The ruling unambiguously declares that the President may not simply invent trials that conform to no known standard of law, which are not necessitated by urgent battlefield conditions, and deny defense lawyers access to evidence. It also dismantles every element of the Administration's case, from the conspiracy-to-commit-war crimes charges against the Yemeni national who was Osama bin Laden's driver in Afganistan to the necessity of an improvised process governed by no act of Congress. "Any urgent need...is utterly belied by the record," Justice Stevens writes. "Hamdan was arrested in November 2001 and he was not charged until mid-2004. These simply are not the circumstances in which, by any stretch of the historical evidence or this Court's precedents" justify a drumhead military commission.
In particular, Justice Stevens' majority ruling deals a devasating blow to tribunal rules which violate the Uniform Code of Military Justice and the Geneva Convenions. Indeed, the most signficiant news in Justice Steven's Hamdan majority ruling is fierce insistence on the power of international law, and in particular the Geneva Conventions, which the Administration has long dismissed as irrelevant to non-state actors like Al Qaeda volunteers. Such dismissals are nonsense, according to Justice Stevens' ruling: the Geneva Conventions' Common Article 3 clearly prohibits "the passing of sentences...without previous judgment...by a regularly constituted court affording all the judicial guarantees ... recognized as indispensable by civilized peoples." For three years, Administration lawyers have argued that the Geneva Conventions don't apply to its "war on terror". That argument is finished.
The Administration was probably prepared to lose the Hamdan tribunals. It is not clear, however, that the White House is ready for the sweeping implications of the Supreme Court's firm invocation of internationally recognized human rights standards. Black sites, secret interrogations, torture, the whole panoply of lawless methods embraced by Bush and Rumsfeld now stand exposed.

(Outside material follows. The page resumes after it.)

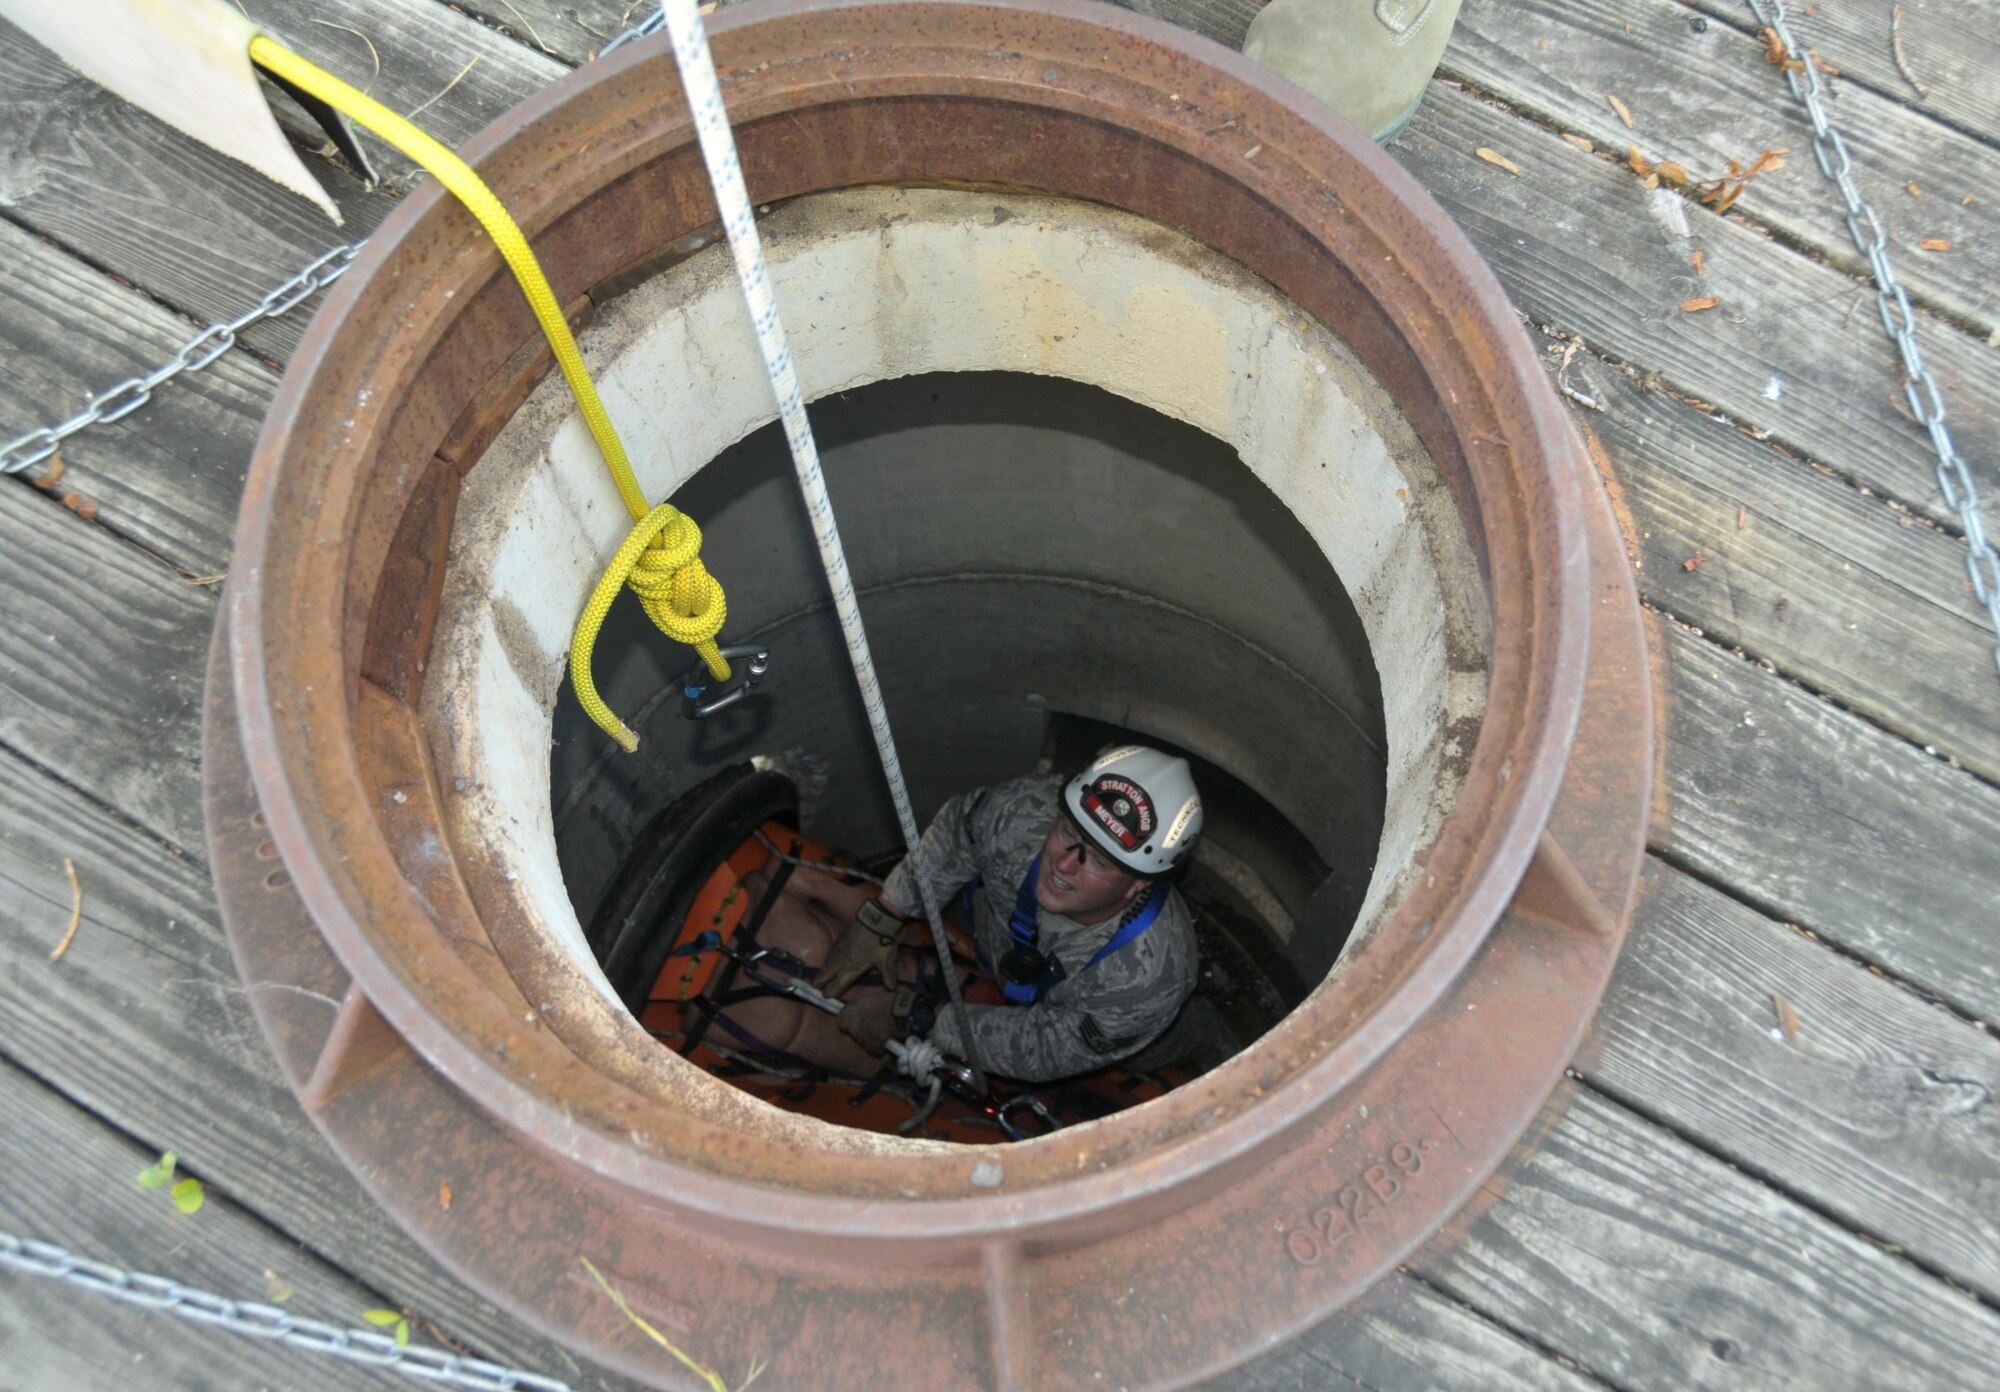 Staff Sgt. Christopher Meyer participates in the 109th Fire Department's search and rescue team's confined space training at Stratton Air National Guard Base, New York, on Sept. 17, 2015. The 12-person search and rescue team trains monthly on various rescue techniques. (U.S. Air National Guard photo by Tech. Sgt. Catharine Schmidt/Released)

At bottom, the Hamdan ruling is what legal scholar Jack M. Balkin calls "democracy-forcing": It restores checks and balances, strips the President of illegally-seized powers, and requires the President to go back to Congress for an open debate on any new tribunals he would like to establish, as well as any revision to the nation's adherence to international law. What Justice Stevens and the five-vote Court majority have done is raise the floor on human rights--not just for Bin Laden's driver and not just at Guantánamo, but in Washington itself.